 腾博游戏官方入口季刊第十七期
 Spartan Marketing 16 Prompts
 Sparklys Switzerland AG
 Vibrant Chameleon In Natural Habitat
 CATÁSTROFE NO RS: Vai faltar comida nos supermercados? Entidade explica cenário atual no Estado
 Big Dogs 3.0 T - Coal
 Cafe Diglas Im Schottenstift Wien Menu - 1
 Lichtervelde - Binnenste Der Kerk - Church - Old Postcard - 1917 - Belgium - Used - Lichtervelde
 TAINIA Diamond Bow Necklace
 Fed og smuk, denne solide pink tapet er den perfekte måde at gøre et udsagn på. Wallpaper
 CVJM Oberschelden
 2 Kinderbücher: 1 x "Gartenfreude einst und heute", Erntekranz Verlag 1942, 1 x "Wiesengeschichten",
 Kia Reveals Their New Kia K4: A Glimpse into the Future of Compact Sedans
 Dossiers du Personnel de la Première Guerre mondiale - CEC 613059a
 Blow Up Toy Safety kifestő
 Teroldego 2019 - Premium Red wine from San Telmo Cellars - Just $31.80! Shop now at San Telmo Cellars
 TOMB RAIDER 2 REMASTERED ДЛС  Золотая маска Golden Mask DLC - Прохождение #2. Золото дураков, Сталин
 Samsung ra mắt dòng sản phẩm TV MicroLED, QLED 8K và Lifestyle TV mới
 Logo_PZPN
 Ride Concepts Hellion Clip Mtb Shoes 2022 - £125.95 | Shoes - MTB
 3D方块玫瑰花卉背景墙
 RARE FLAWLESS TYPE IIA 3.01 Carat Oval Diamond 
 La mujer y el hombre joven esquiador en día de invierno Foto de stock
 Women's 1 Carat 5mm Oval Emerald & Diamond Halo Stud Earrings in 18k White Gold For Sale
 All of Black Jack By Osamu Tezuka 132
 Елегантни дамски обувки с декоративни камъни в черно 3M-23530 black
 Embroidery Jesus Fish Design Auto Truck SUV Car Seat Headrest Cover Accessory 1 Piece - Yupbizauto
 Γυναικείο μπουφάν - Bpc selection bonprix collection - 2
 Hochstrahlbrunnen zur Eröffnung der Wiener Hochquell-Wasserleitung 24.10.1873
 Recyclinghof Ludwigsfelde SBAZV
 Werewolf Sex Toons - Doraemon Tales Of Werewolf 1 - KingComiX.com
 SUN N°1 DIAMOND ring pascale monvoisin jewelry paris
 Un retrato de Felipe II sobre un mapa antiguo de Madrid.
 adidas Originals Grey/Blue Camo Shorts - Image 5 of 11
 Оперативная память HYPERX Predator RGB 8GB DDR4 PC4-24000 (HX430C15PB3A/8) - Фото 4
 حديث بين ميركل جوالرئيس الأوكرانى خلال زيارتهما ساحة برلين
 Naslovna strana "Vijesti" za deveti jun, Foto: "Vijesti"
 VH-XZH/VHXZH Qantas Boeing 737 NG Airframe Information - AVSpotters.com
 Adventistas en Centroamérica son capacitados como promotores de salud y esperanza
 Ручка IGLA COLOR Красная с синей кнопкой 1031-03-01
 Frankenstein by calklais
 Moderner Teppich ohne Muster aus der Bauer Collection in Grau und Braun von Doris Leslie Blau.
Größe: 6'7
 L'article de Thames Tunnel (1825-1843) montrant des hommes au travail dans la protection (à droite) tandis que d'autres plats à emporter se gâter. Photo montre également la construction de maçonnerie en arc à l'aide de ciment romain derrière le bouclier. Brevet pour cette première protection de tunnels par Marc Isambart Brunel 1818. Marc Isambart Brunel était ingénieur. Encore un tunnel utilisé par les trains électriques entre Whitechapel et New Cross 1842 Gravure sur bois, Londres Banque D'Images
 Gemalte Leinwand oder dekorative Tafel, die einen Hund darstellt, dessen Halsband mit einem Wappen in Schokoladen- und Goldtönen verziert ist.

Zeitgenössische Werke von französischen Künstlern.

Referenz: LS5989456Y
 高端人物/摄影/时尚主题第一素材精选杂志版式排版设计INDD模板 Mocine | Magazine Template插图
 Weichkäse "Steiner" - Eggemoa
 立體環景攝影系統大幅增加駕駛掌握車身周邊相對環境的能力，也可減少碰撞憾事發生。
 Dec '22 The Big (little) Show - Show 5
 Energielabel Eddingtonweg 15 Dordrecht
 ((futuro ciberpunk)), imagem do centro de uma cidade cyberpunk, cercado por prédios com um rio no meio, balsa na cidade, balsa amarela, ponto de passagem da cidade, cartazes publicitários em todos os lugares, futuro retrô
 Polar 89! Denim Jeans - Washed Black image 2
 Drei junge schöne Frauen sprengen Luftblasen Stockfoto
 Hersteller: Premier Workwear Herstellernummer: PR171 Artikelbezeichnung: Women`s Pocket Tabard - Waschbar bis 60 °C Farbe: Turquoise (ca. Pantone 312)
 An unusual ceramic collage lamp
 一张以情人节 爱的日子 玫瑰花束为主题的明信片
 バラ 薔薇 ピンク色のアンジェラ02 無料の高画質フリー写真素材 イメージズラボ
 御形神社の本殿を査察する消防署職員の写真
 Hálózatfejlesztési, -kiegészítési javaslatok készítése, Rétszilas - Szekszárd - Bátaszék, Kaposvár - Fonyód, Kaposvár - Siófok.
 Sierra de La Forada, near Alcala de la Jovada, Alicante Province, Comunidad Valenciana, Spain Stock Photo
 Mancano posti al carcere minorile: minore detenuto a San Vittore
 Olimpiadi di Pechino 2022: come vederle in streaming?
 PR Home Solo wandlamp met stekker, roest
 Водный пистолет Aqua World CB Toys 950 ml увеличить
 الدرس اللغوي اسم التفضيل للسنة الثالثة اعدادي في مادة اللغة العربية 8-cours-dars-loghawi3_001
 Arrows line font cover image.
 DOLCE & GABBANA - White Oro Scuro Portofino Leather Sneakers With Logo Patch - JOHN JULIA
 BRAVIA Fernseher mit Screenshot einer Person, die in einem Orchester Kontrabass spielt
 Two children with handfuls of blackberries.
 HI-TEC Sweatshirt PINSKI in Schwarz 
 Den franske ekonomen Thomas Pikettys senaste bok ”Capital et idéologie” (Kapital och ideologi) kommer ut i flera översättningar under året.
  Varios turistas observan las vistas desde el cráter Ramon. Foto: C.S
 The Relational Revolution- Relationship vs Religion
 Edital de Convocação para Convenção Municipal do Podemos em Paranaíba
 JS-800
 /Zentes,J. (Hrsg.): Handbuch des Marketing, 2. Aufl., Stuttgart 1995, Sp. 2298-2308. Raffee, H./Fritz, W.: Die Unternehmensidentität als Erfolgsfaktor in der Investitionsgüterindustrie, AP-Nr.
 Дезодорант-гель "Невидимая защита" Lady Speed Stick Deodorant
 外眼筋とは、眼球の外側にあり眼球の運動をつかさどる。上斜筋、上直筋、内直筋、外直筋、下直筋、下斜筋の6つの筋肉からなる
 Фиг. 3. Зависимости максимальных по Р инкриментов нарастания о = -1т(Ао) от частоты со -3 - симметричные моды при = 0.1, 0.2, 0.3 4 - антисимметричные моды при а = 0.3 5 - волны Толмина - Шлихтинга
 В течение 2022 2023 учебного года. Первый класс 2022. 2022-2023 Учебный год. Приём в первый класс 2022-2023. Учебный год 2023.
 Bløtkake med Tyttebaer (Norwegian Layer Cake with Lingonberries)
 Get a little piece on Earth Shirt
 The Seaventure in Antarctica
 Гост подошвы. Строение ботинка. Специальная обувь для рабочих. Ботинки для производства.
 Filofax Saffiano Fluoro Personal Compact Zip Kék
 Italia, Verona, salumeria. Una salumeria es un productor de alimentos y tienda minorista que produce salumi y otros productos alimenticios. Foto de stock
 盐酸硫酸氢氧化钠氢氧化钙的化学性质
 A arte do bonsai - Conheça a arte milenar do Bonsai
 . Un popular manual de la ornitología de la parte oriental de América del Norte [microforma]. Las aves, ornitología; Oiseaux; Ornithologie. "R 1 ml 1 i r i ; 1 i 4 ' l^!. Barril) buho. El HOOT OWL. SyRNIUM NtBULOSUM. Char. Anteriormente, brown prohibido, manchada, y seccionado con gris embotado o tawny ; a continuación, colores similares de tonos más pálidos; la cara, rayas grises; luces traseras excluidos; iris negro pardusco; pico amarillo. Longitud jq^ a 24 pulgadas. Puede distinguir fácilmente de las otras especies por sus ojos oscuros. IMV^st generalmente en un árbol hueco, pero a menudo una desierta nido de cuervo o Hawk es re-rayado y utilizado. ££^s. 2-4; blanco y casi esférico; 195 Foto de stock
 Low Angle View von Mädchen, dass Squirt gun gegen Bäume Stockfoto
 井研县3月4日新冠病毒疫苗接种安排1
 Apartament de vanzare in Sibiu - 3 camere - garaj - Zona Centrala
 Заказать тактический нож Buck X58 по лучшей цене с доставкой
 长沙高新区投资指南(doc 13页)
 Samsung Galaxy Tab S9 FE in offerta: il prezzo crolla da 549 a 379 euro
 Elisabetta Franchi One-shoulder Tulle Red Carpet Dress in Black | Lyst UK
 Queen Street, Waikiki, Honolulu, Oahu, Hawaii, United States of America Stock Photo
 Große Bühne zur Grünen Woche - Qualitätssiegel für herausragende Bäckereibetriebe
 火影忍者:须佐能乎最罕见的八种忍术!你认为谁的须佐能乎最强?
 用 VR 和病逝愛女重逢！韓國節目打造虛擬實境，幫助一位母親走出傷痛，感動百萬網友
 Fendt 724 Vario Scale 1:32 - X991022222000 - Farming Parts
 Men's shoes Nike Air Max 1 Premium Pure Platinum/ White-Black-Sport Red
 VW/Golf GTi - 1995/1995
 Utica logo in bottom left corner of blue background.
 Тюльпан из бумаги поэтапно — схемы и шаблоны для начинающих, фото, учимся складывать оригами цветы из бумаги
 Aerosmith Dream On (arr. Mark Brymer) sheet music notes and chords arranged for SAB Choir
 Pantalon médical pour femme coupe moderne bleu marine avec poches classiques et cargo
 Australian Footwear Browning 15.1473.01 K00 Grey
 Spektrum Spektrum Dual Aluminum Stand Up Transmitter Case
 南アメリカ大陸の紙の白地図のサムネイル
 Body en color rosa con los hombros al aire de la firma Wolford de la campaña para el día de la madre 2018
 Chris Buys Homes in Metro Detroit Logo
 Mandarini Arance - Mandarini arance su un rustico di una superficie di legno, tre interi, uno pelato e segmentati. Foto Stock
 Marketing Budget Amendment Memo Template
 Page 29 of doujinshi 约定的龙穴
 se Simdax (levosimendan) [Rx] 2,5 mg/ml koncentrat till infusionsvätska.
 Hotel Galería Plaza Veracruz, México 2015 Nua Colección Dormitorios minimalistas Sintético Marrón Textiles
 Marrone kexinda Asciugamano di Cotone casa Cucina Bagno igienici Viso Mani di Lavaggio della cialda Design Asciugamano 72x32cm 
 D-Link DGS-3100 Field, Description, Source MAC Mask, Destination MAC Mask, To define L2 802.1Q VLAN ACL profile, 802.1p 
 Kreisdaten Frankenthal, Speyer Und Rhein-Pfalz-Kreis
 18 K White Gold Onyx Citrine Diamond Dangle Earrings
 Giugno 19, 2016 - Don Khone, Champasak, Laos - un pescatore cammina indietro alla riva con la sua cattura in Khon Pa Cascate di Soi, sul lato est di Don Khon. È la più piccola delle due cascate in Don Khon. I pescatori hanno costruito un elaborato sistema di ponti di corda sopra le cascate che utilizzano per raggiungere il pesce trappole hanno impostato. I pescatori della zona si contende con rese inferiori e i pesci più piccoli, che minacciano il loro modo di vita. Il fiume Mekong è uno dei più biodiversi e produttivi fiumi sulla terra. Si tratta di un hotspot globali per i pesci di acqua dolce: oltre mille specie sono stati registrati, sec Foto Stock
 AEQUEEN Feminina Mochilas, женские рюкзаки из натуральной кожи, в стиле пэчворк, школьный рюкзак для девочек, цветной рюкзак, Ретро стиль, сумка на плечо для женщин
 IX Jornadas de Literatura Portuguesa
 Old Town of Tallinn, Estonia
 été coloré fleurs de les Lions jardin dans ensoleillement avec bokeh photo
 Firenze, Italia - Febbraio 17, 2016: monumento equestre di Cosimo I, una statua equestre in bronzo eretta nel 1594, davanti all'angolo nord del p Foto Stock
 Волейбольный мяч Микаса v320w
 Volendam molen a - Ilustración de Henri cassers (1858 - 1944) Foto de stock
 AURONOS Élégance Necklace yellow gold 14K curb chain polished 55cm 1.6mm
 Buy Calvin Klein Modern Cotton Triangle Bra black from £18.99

===

WHAT THE EXERCISE ASKS => Quote every line from the beginning of the entries up to and including the line that contains "RARE FLAWLESS TYPE".

ANSWER SECTION =>
 腾博游戏官方入口季刊第十七期
 Spartan Marketing 16 Prompts
 Sparklys Switzerland AG
 Vibrant Chameleon In Natural Habitat
 CATÁSTROFE NO RS: Vai faltar comida nos supermercados? Entidade explica cenário atual no Estado
 Big Dogs 3.0 T - Coal
 Cafe Diglas Im Schottenstift Wien Menu - 1
 Lichtervelde - Binnenste Der Kerk - Church - Old Postcard - 1917 - Belgium - Used - Lichtervelde
 TAINIA Diamond Bow Necklace
 Fed og smuk, denne solide pink tapet er den perfekte måde at gøre et udsagn på. Wallpaper
 CVJM Oberschelden
 2 Kinderbücher: 1 x "Gartenfreude einst und heute", Erntekranz Verlag 1942, 1 x "Wiesengeschichten",
 Kia Reveals Their New Kia K4: A Glimpse into the Future of Compact Sedans
 Dossiers du Personnel de la Première Guerre mondiale - CEC 613059a
 Blow Up Toy Safety kifestő
 Teroldego 2019 - Premium Red wine from San Telmo Cellars - Just $31.80! Shop now at San Telmo Cellars
 TOMB RAIDER 2 REMASTERED ДЛС  Золотая маска Golden Mask DLC - Прохождение #2. Золото дураков, Сталин
 Samsung ra mắt dòng sản phẩm TV MicroLED, QLED 8K và Lifestyle TV mới
 Logo_PZPN
 Ride Concepts Hellion Clip Mtb Shoes 2022 - £125.95 | Shoes - MTB
 3D方块玫瑰花卉背景墙
 RARE FLAWLESS TYPE IIA 3.01 Carat Oval Diamond 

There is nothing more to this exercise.